Segment Start: Given information

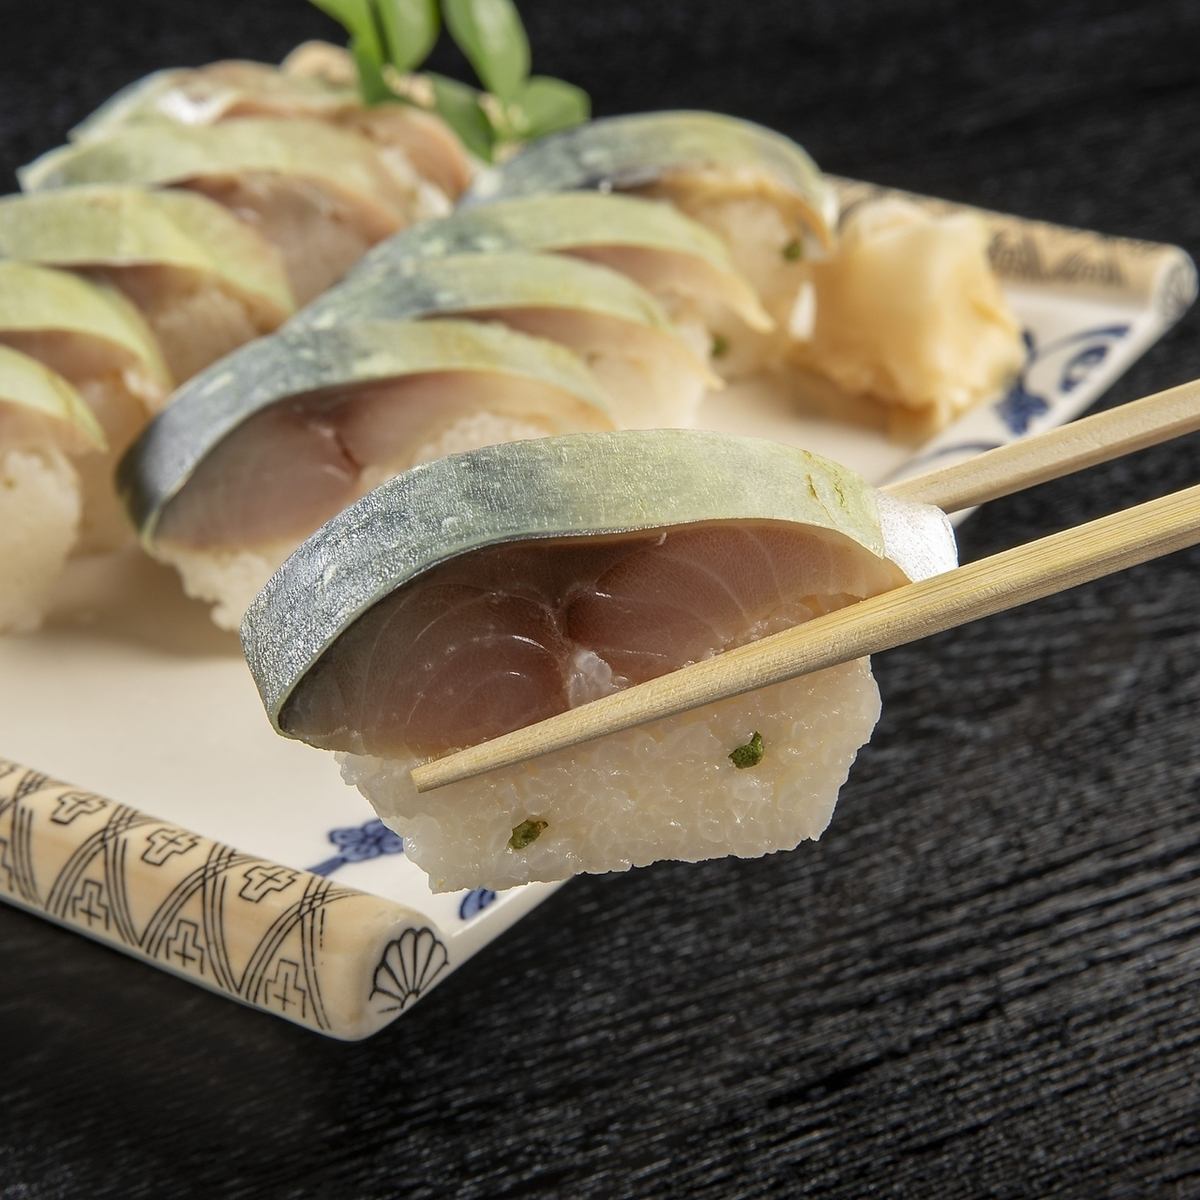 Founded 112 years ago.Be sure to try Sushikei's mackerel sushi, a flavor that has been loved for many years and has a long history!
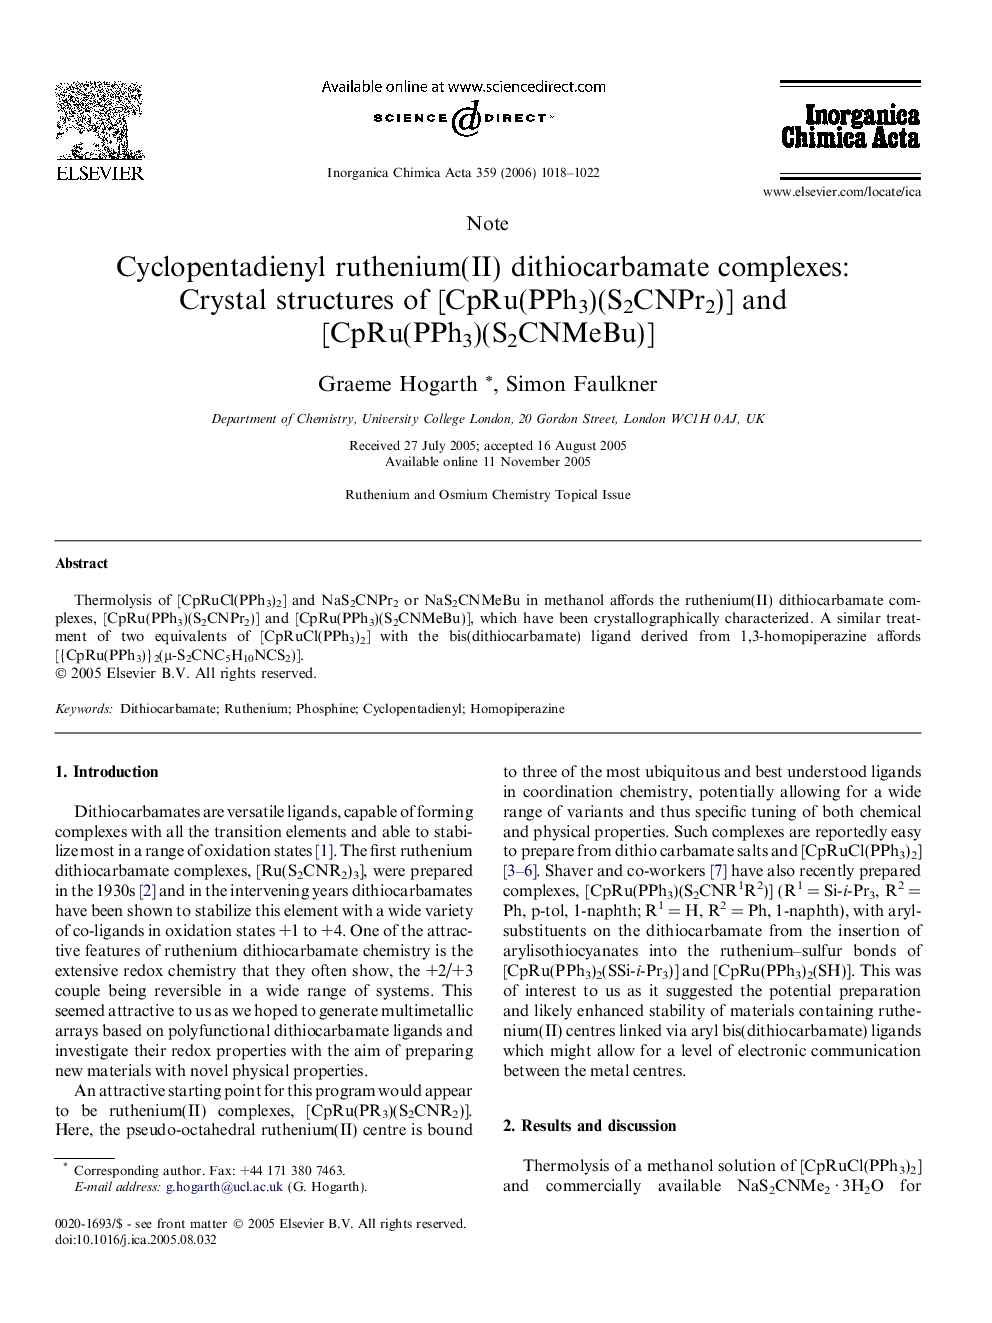 Cyclopentadienyl ruthenium(II) dithiocarbamate complexes: Crystal structures of [CpRu(PPh3)(S2CNPr2)] and [CpRu(PPh3)(S2CNMeBu)]
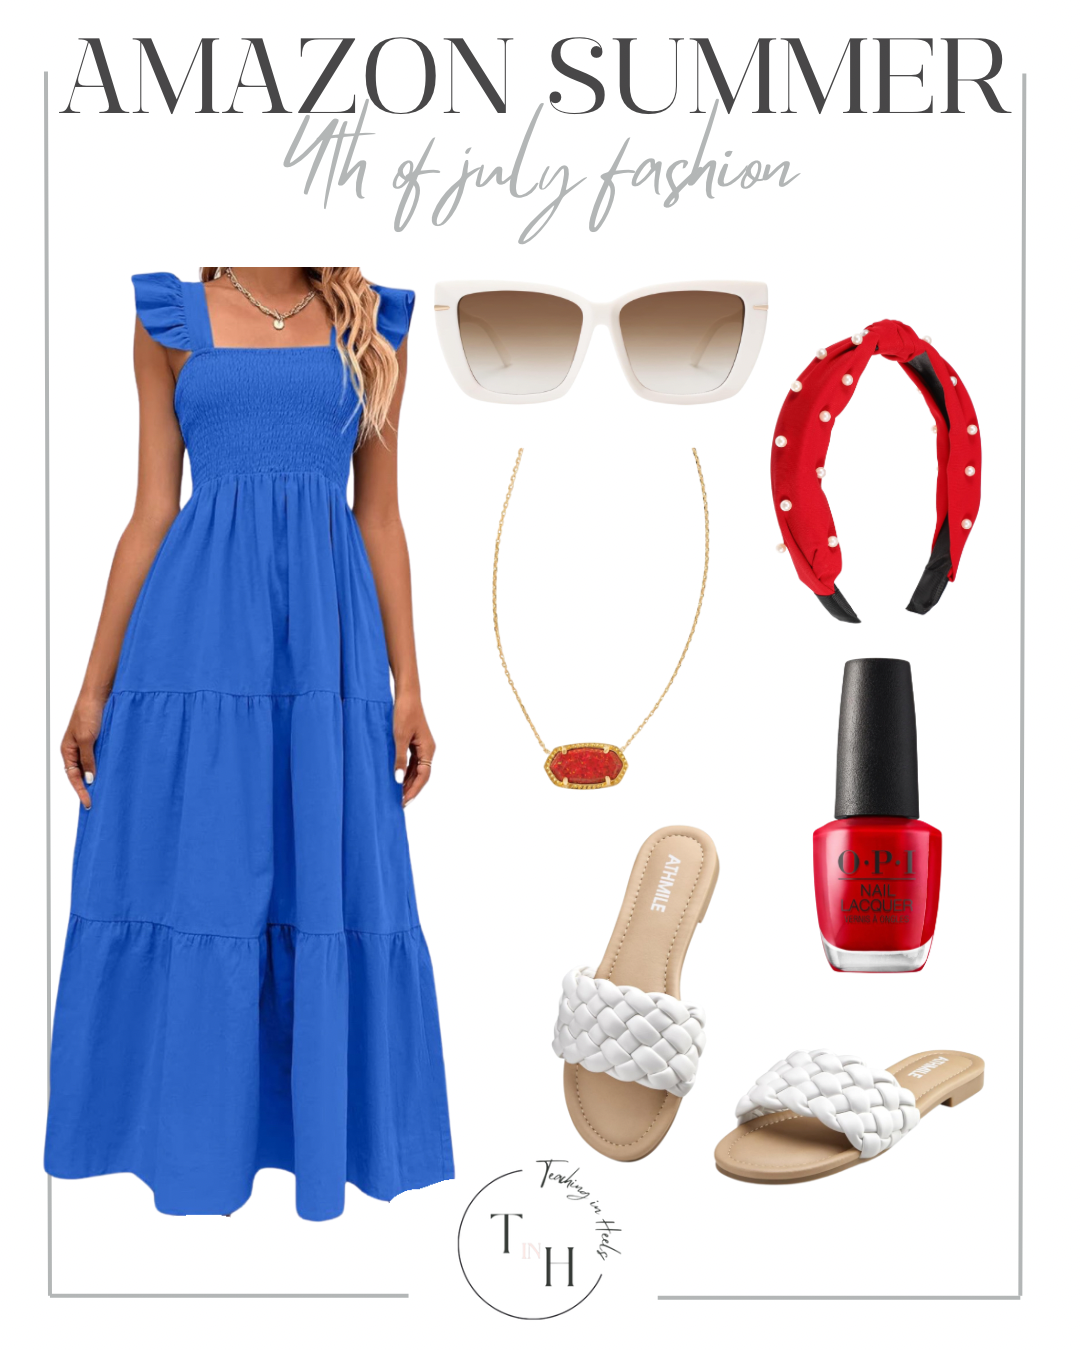 4th of July Style Guide: Must-Have Outfits & Essentials

fourth of july, summer, summer outfit, summer fashion, outdoor hosting, red white & blue, maxi dress, blue summer dress, sandals, sunglasses

Segment End: Given information

Without the pictures, write out the whole listing exactly as it appears.

 Founded 112 years ago.Be sure to try Sushikei's mackerel sushi, a flavor that has been loved for many years and has a long history!
 Cyclopentadienyl ruthenium(II) dithiocarbamate complexes: Crystal structures of [CpRu(PPh3)(S2CNPr2)] and [CpRu(PPh3)(S2CNMeBu)]
 4th of July Style Guide: Must-Have Outfits & Essentials

fourth of july, summer, summer outfit, summer fashion, outdoor hosting, red white & blue, maxi dress, blue summer dress, sandals, sunglasses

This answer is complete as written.